** Dataset section follows **
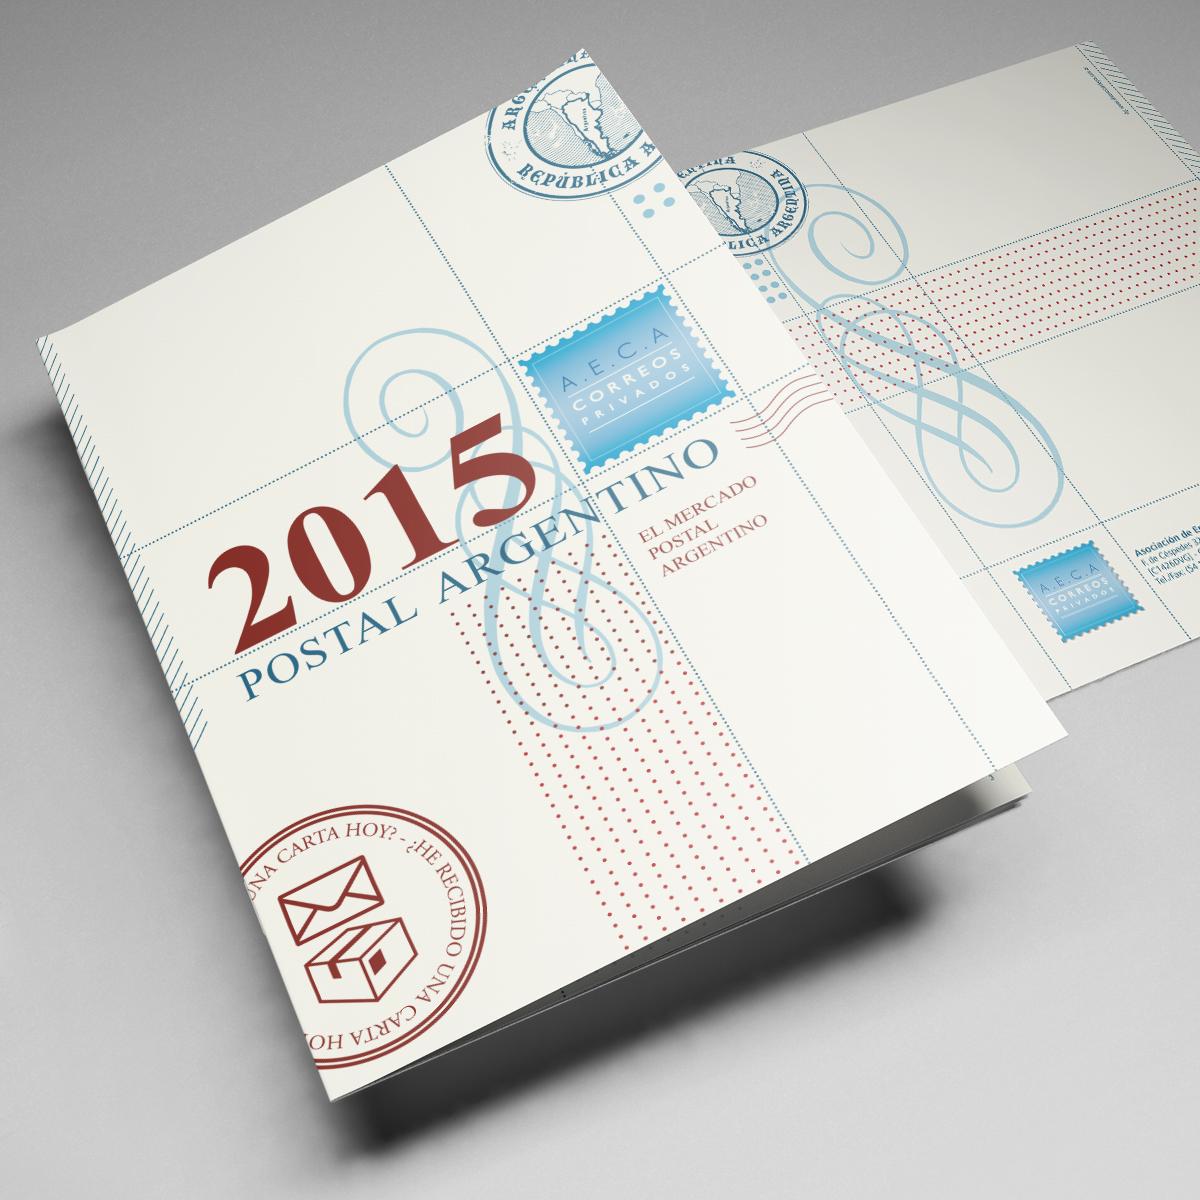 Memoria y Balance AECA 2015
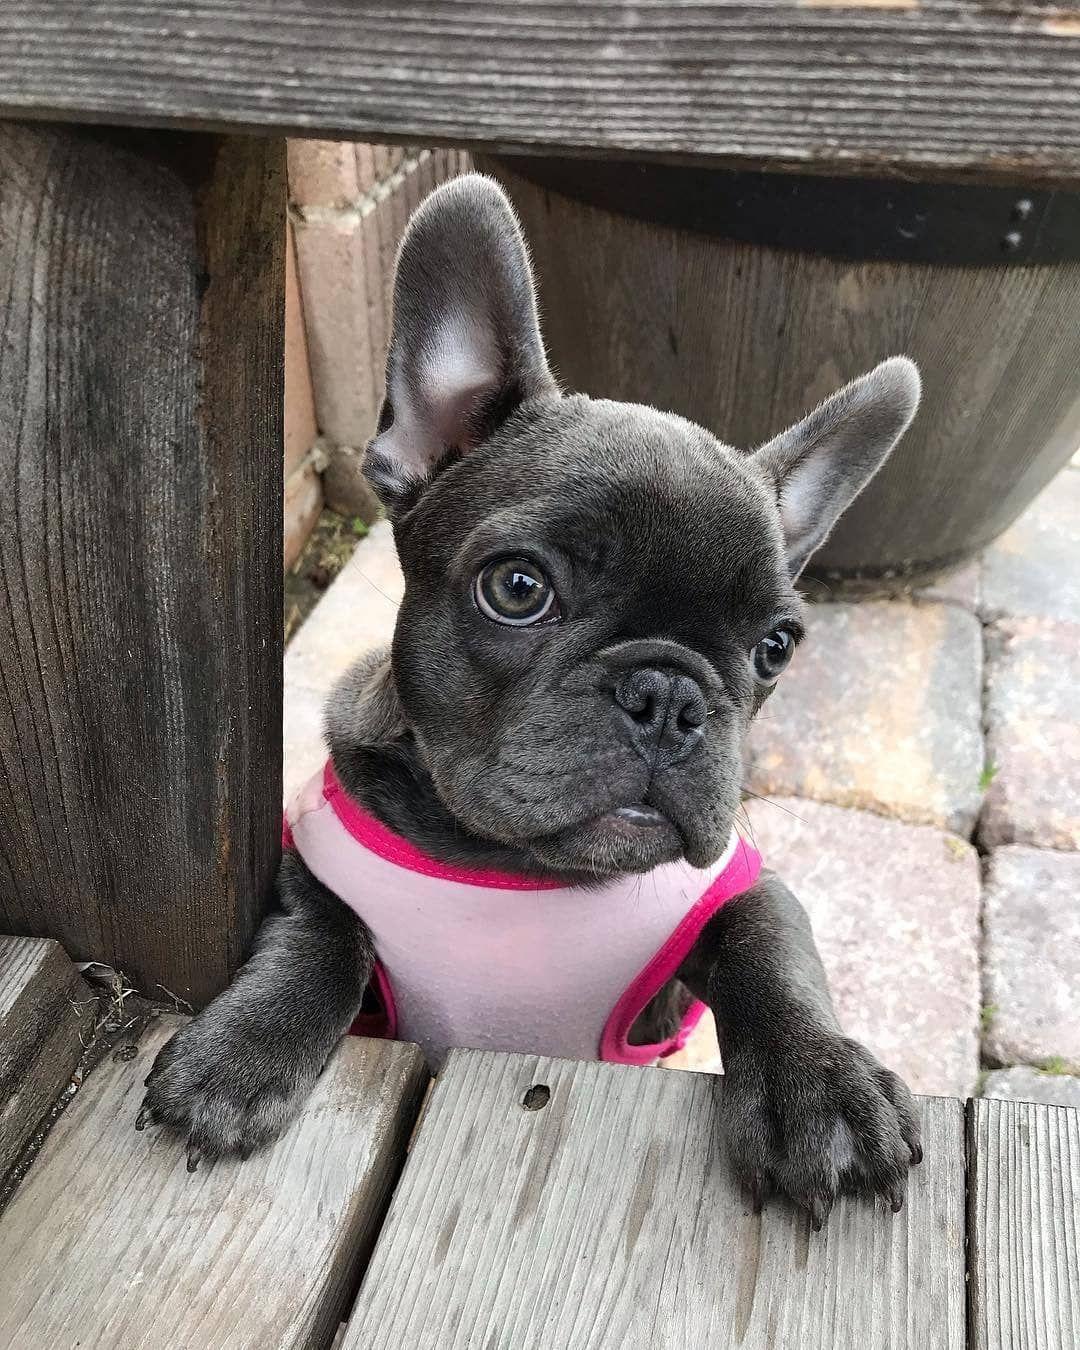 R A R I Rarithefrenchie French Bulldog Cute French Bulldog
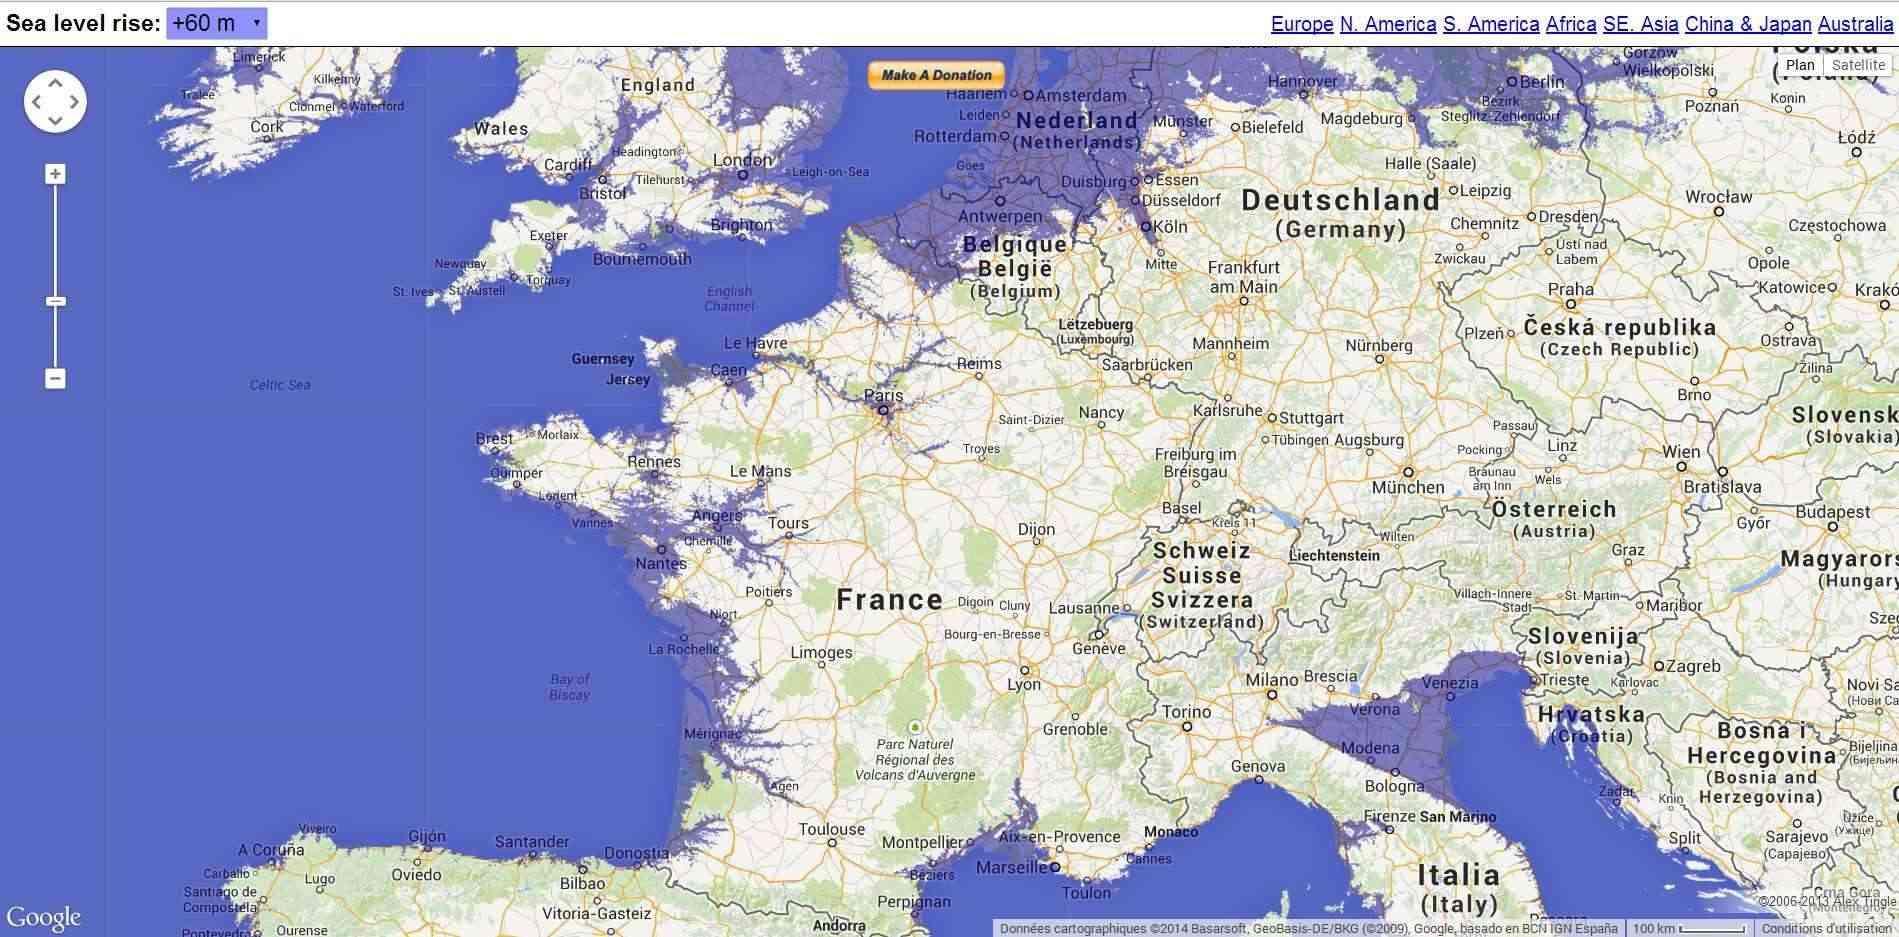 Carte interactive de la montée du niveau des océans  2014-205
** End of Dataset section **
Task brief:
Copy the data character for character, but drop all pictures from the copy.

Worked solution:
 Memoria y Balance AECA 2015
 R A R I Rarithefrenchie French Bulldog Cute French Bulldog
 Carte interactive de la montée du niveau des océans  2014-205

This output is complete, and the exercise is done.